- Type: Heavy tank
- Place of origin: United States

Service history
- Used by: United States Army (planned)

Production history
- Designer: Chrysler
- Manufacturer: Detroit Arsenal Tank Plant (planned)
- No. built: 1 mockup

Specifications
- Mass: ~50 tons
- Crew: 4 or 5

= T110 heavy tank =

The 120 mm Gun Tank T110, known during early development as the TS-31, was a canceled heavy tank project which began in 1954. It was an attempt to replace the T43 (M103) heavy tank. The T110 was a proposal created by Detroit Arsenal, and was introduced in a Detroit conference held in 1954. It was further developed by Chrysler.

Development was canceled due to the satisfactory results of the T43 (M103). The tank was planned to be powered by a Continental AVI-1790-8 engine power plant delivering around 875 hp or Continental AOI-1490-1 delivering around 700 hp.

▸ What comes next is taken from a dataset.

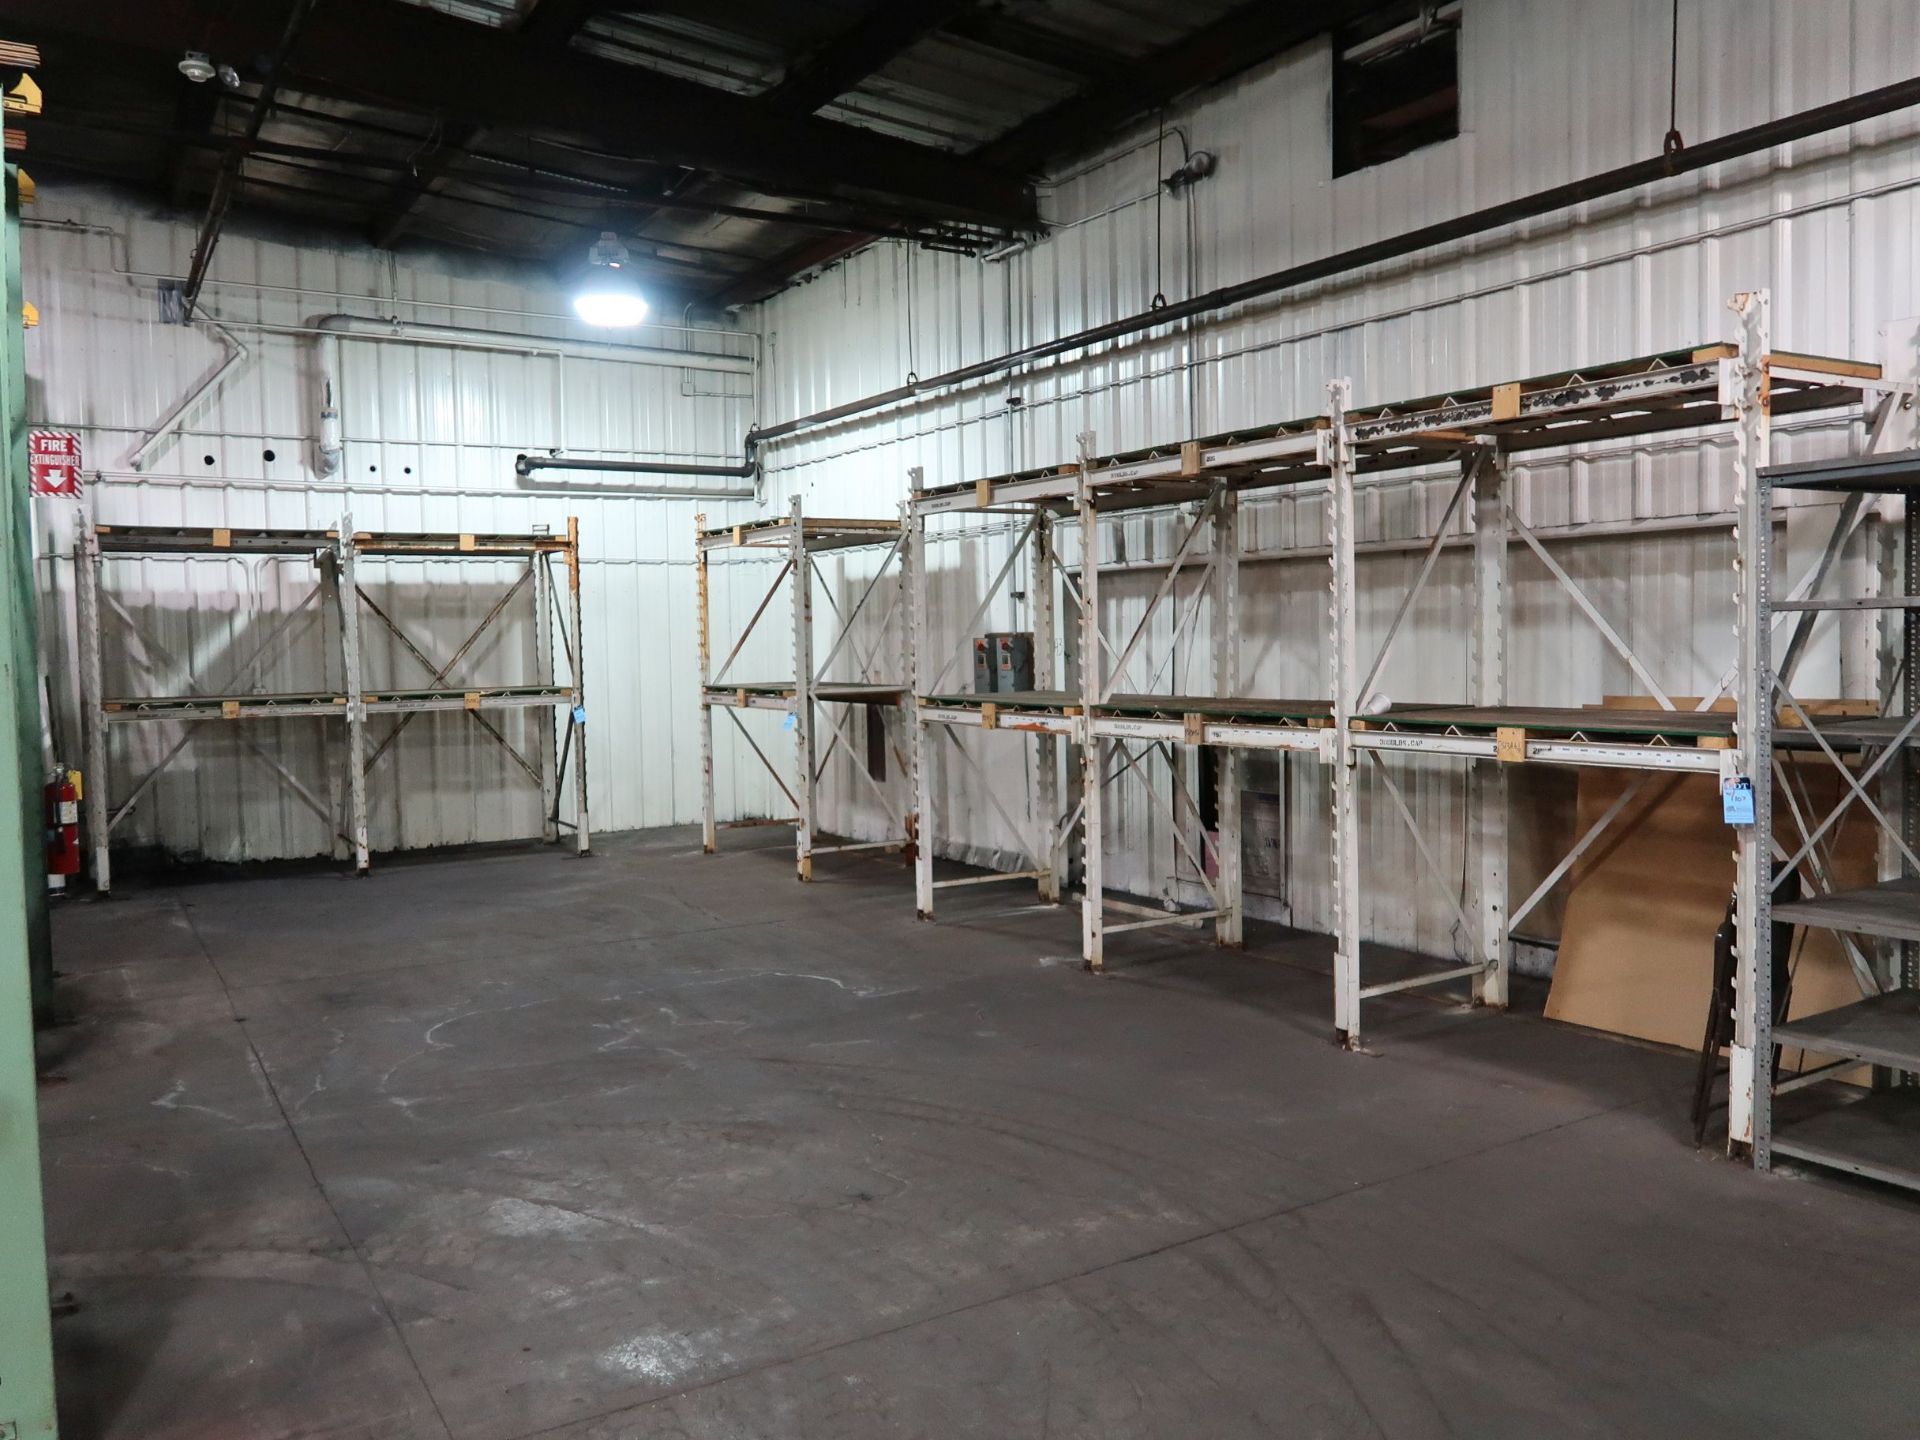 SECTIONS 38" X 64" X 108" ADJUSTABLE BEAM PALLET RACK, (12) 38" X 108" UPRIGHTS, (16) 38" X 64"

==1954 Question Mark Conference proposals==

Beginning in 1952, the first Question Mark conference was held at Detroit Arsenal in Warren, Michigan. The goal of these annual conferences was to facilitate collaboration between tank designers and tank users.

The third conference in 1954 saw proposals to replace the T43E1. Six designs were proposed.

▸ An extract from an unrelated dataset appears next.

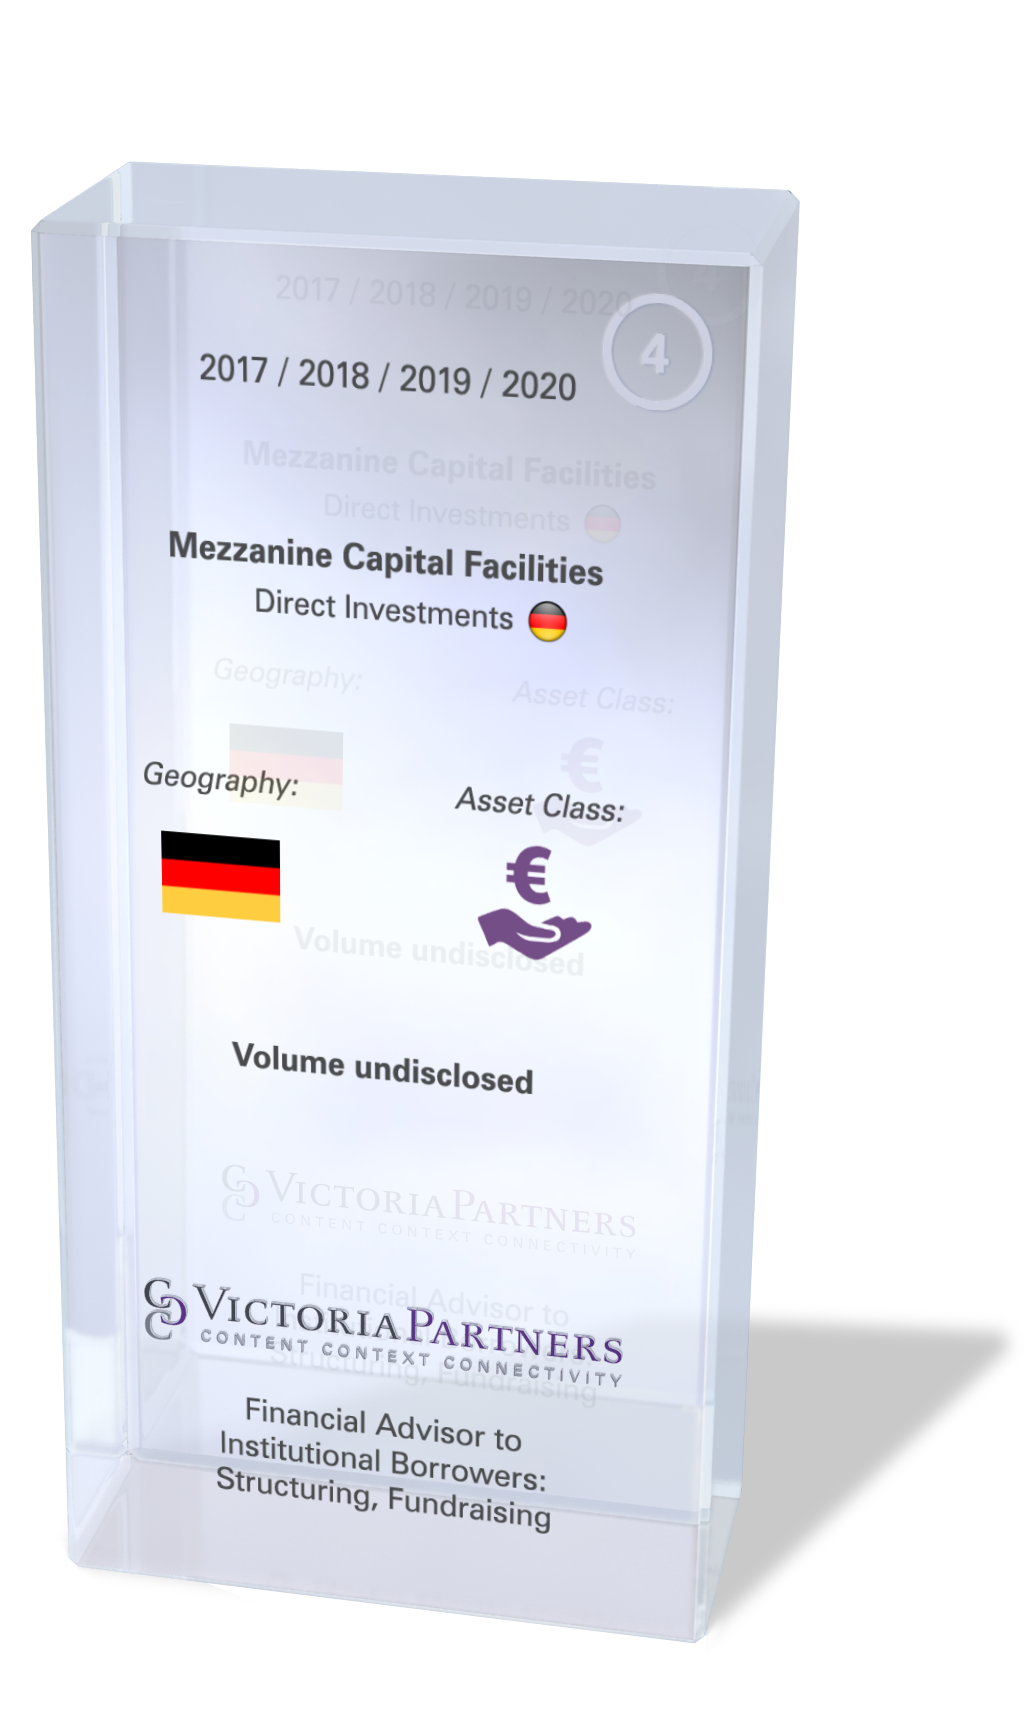 VICTORIAPARTNERS - Financial Advisor to Institutional Borrowers: Structuring, Fundraising in Germany - 2017/2018/2019/2020

TS-2 was armed with 105 mm T210 smoothbore gun in a rotating turret and equipped with Continental AOI-1490-1 powerplant. TS-5 was armed with 105 mm T210 smoothbore gun in a fixed superstructure and equipped with Continental AOI-1490-1 powerplant. TS-6 was armed with a 120 mm T123E1 rifled gun in a rotating turret and equipped with a Continental AVI-1790-8 powerplant. TS-31 was equipped with a 120 mm T123E1 rifled gun in a fixed superstructure located at the rear of the hull. These four designs were considered short-term prospects, requiring about two years of development. Chrysler was chosen to further develop the TS-31, which was redesignated the T110.

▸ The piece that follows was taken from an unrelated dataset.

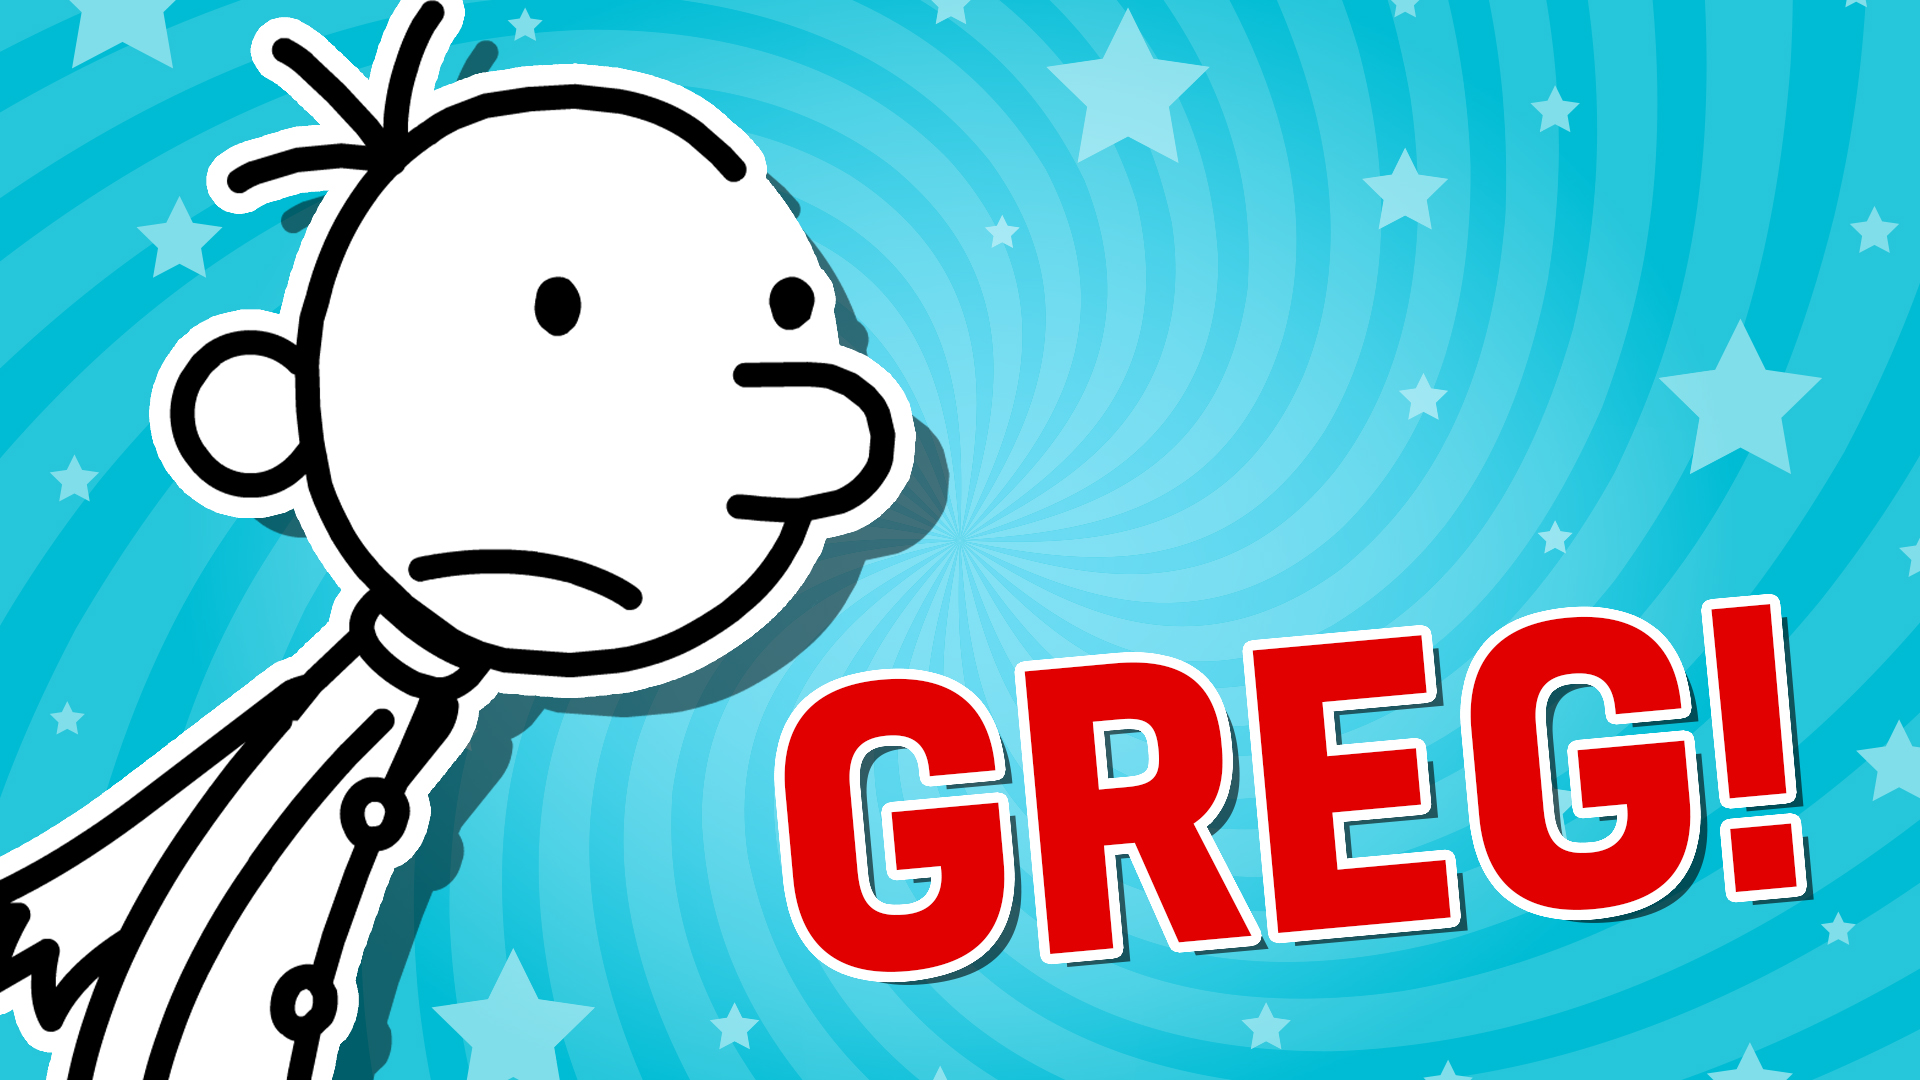 Which Diary Of A Wimpy Kid Character Are You? - ProProfs Quiz

TL-4 and TL-6 were more long-term prospects armed with the smoothbore T210 120 mm guns. Ford Motor Company was awarded a contract for the TL-4, which was redesignated the T96. It was later decided to instead combine the T96 program with the T95 medium tank project, and the T95E4 with the T96 turret was born.

==T110 variants==
- Original design
AV-1790 engine. XTG-500 transmission. T123E1 gun. Gun mounted in a limited traverse gimbal mount.

- Design 1
Cab width reduced to fit major rail tunnels. Commander relocated to center rear and driver relocated from hull to cab.

- Design 2
Relocated the transmission from the front hull to the engine compartment. Crew arrangement changes in revision 1 reverted. AV-1790 replaced by Continental AOI-1490. Gun traverse was 15 degrees to each side, with 20 degrees of gun elevation and 10 degrees of gun depression.

- Design 3
Power pack mounted on rails for ease of maintenance. Aborted due to numerous difficulties this arrangement introduced.

- Design 4
Engine and transmission (now XTG-510) moved to rear.

- Design 5
The gun was made fully traversable using the turret ring of the M103. One mockup was built. Crew was reduced to 4 by removing one loader and the addition of gun rammer. Program was subsequently terminated as the T43E2 project had proved successful.

==Bibliography==
- Hunnicutt, Richard Pearce (1988). "Firepower: A History of the American Heavy Tank"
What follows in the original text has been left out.